◆ Exercise aim ◆
The entries below contain pictures. Write out only the lines from the line with "Purple jewel - Stock Image" up to and including the line with "dr-no-stoel-pale-groen-kartell_1", exactly, without them.

(Beginning of Exercise data)

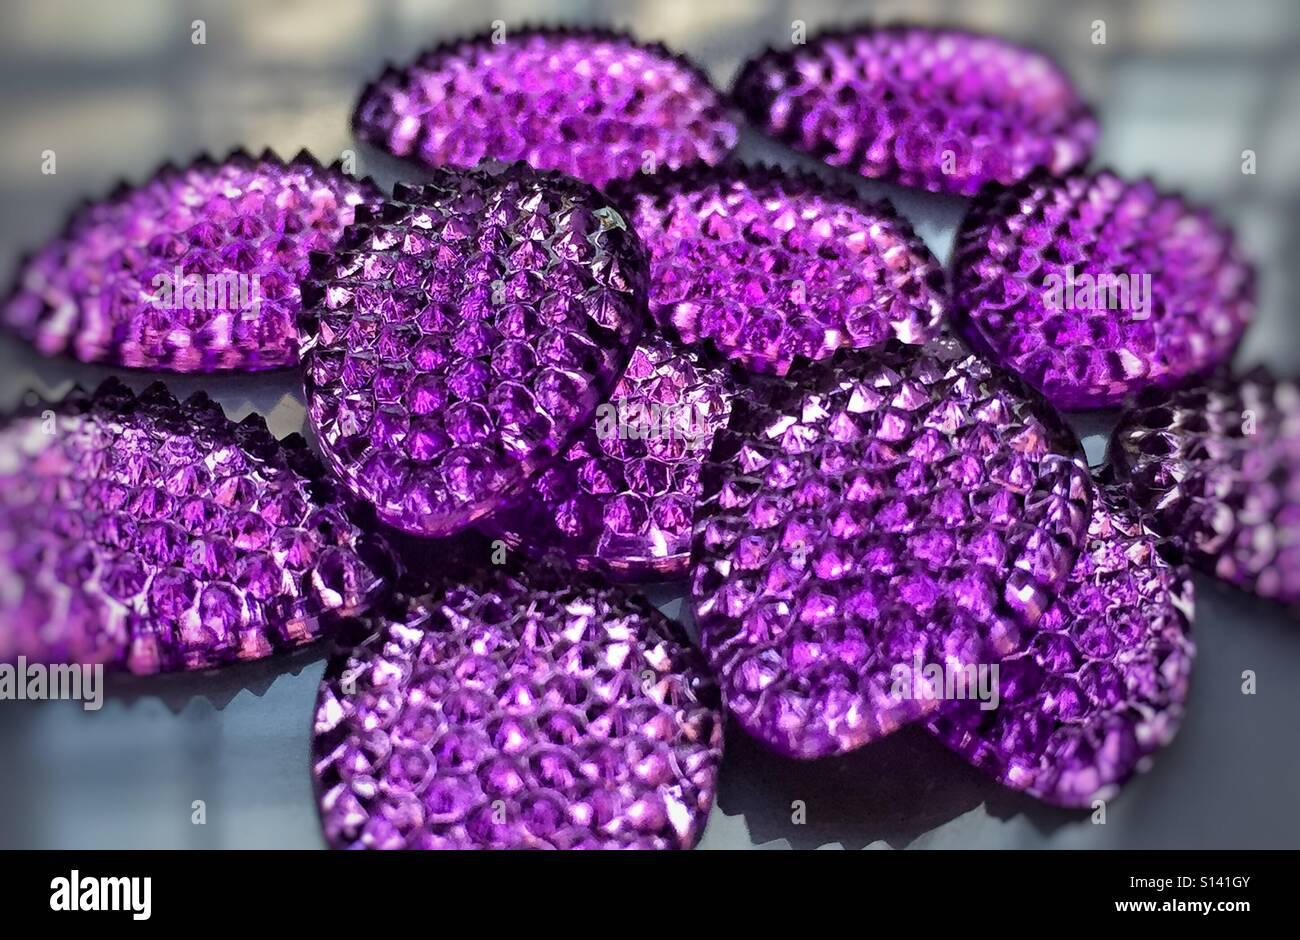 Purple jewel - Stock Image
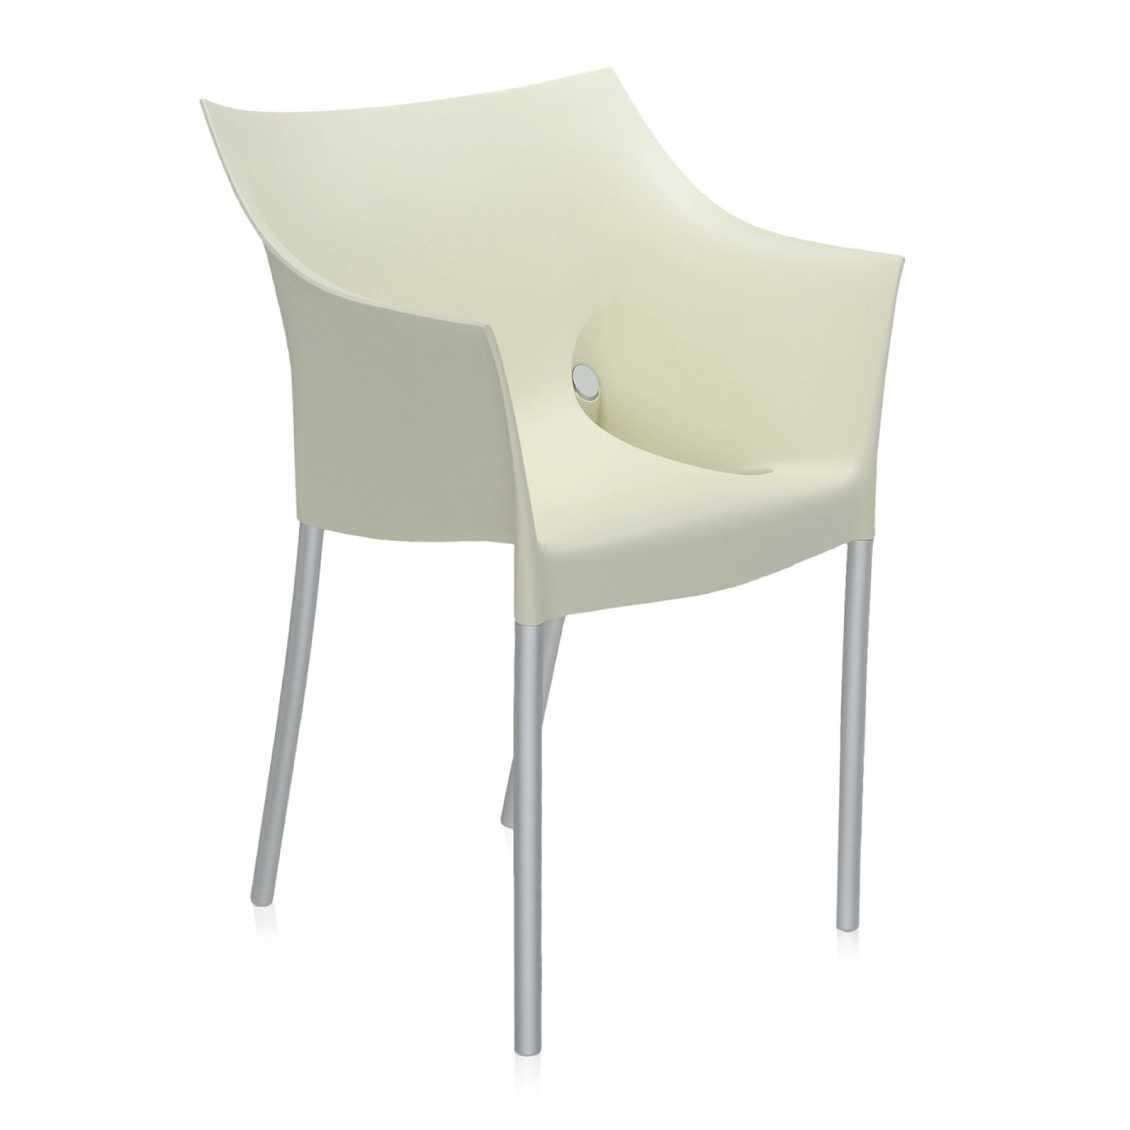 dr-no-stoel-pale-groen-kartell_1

(End of Exercise data)
(Beginning of Exercise data)

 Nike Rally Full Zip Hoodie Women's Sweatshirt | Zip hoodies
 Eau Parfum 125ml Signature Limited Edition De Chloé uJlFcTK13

(End of Exercise data)
(Beginning of Exercise data)

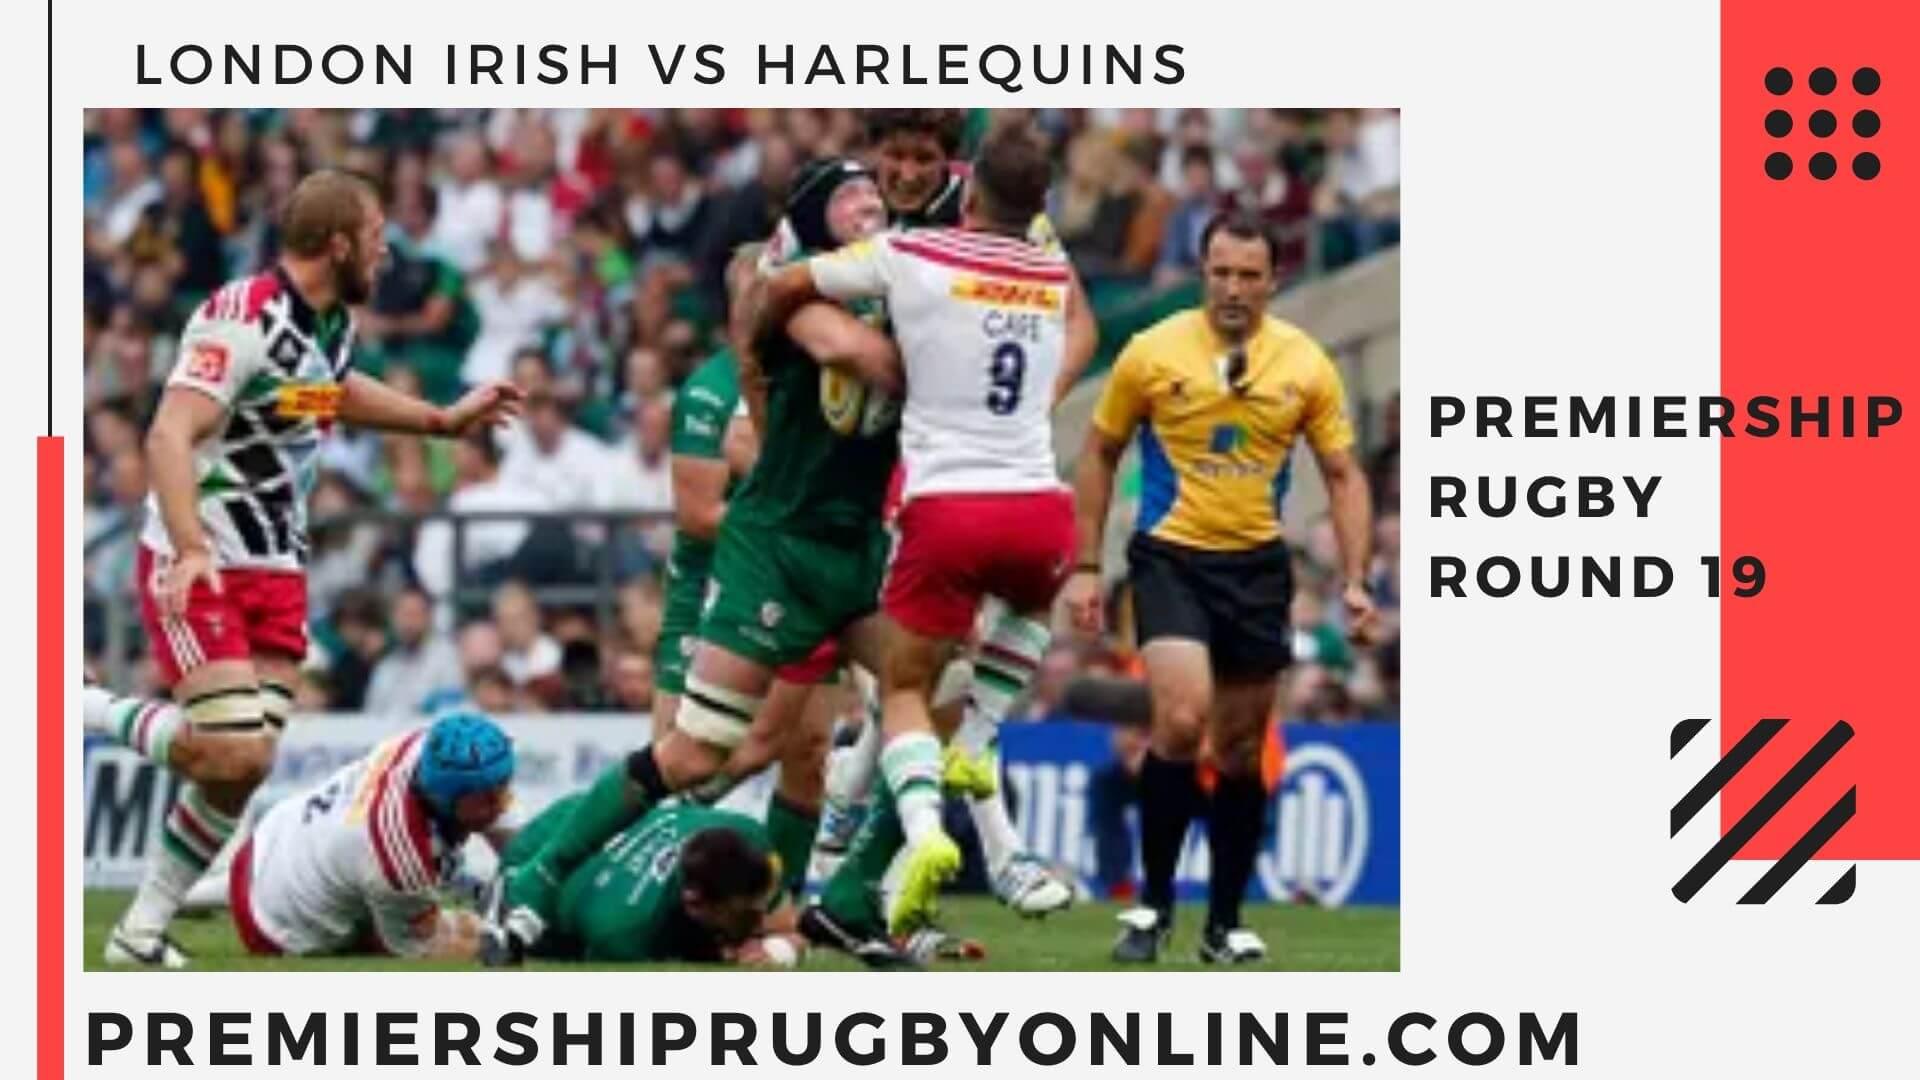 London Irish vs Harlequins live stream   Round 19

(End of Exercise data)

◆ Problem solution ◆
 Purple jewel - Stock Image
 dr-no-stoel-pale-groen-kartell_1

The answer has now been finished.